To analyze the serum stability of the heparin nanosponge, the nanosponges were suspended in DMEM containing 10% FBS and 0.05% NaN3 and kept on a shaker at 100 rpm and 37 °C. Next, the sizes and polydispersity of the nanosponges were measured for 2 weeks.

The cytotoxicity of the nanosponges and free heparin were analyzed using Balb/c3T3 fibroblast cells. The cells (passage 2 upon use) were seeded in a 96-well tissue culture plate at a density of 1 × 104 cells per well and grown in DMEM supplemented with 10% fetal bovine serum (FBS) and 1% penicillin-streptomycin for 8 h at 37 °C under 5% CO2. Then, the free heparin, thiolated heparin, or heparin nanosponges with concentrations ranging from 10 to 500 μg/mL (based on heparin amount) were added to the cells. After 24 h incubation, supernatants were removed and the cells were washed with PBS (pH 7.4). Next, the medium was replaced with the fresh medium containing 10-time-diluted CCK-8 (cell counting kit-8, Dojindo Laboratories, Kumamoto, Japan), and the cells were further incubated for 1 h at 37 °C. The absorbance of the colored medium was measured at 450 nm by using a multiwell spectrophotometer39. All measurements were done in triplicate.

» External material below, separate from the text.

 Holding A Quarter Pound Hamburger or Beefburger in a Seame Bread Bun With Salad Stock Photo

In vitro release profiles of growth factors from the nanosponges

To investigate whether the heparin nanosponges can effectively deliver heparin binding macromolecules, growth factors such as HGF, VEGF, BMP-2, and bFGF were used. For release experiments, each protein solution (200 ng/100 μL) was added to the lyophilized powder of nanosponge (200 μg) and was incubated at 4 °C for over 12 h, as previously reported24,40. Then, the whole protein-loaded nanosponge suspension was placed in a dialysis bag (cellulose ester, MWCO of 300 kDa), and subsequently immersed in 10 mL PBS containing 0.01% BSA and 0.05% NaN3 on a shaking rocker at 100 rpm and 37 °C. The entire release medium was replaced with a fresh one at each time point to maintain an infinite sink condition. The amount of released protein from the nanosponge was determined using ELISA. The encapsulation efficiency of proteins inside the nanosponges was determined after spin filtration at 10,000 rpm for 5 min at 37 °C and calculated by a method previously reported40. All measurements were performed in triplicates.

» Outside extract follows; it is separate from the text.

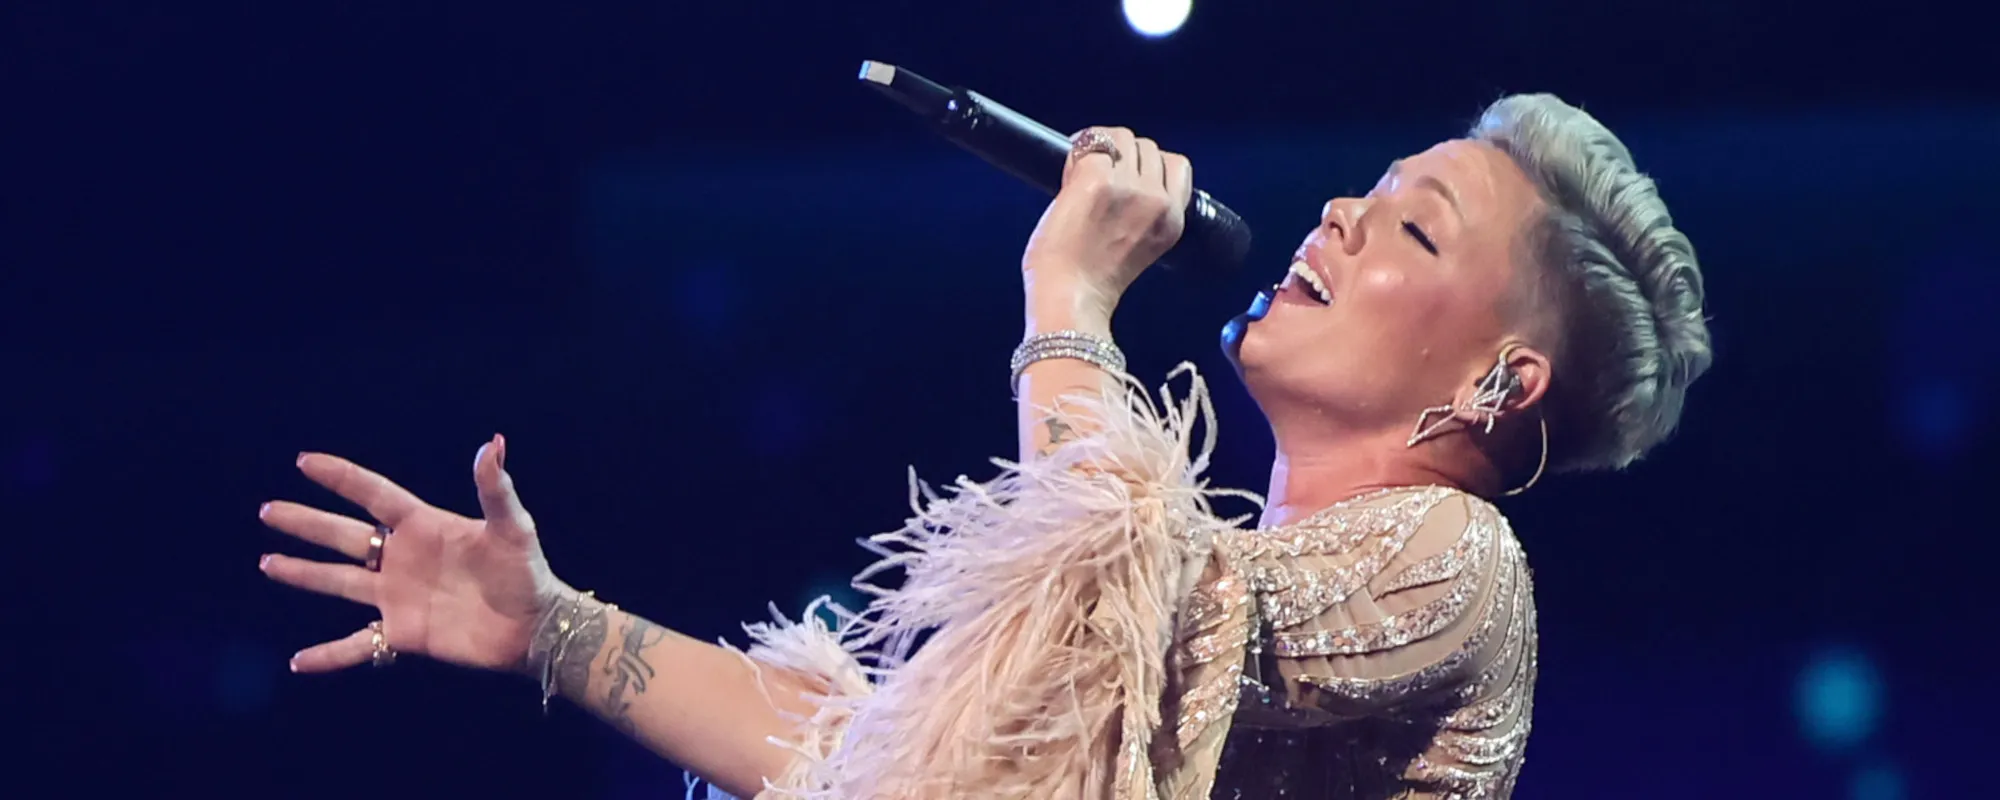 3 Songs You Didn’t Know P!nk Wrote For Other Artists and Film Soundtracks

Bioactivity analysis of growth factor with free heparin or heparin nanosponge

In order to analyze the bioactivity of bFGF, bFGF-dependent Balb/c3T3 fibroblast cells were used. The cells (passage 2 upon use) were seeded in a 96-well tissue culture plate at a density of 1 × 104 cells per well and cultured in DMEM including 10% FBS and 1% antibiotics for 8 h. After incubation, the cells were washed with PBS and placed in ultraMEM (with 1% antibiotics) containing only bFGF (5 or 10 ng/mL) or bFGF mixed with free heparin or the heparin (24 wt%)-conjugated nanosponge (1 μg/mL based on heparin amount). After 40 h incubation, supernatants were removed and the cells were washed with PBS. The cell proliferation was measured by CCK-8 assay at 450 nm using a multiwell spectrophotometer41. All measurements were done in triplicate.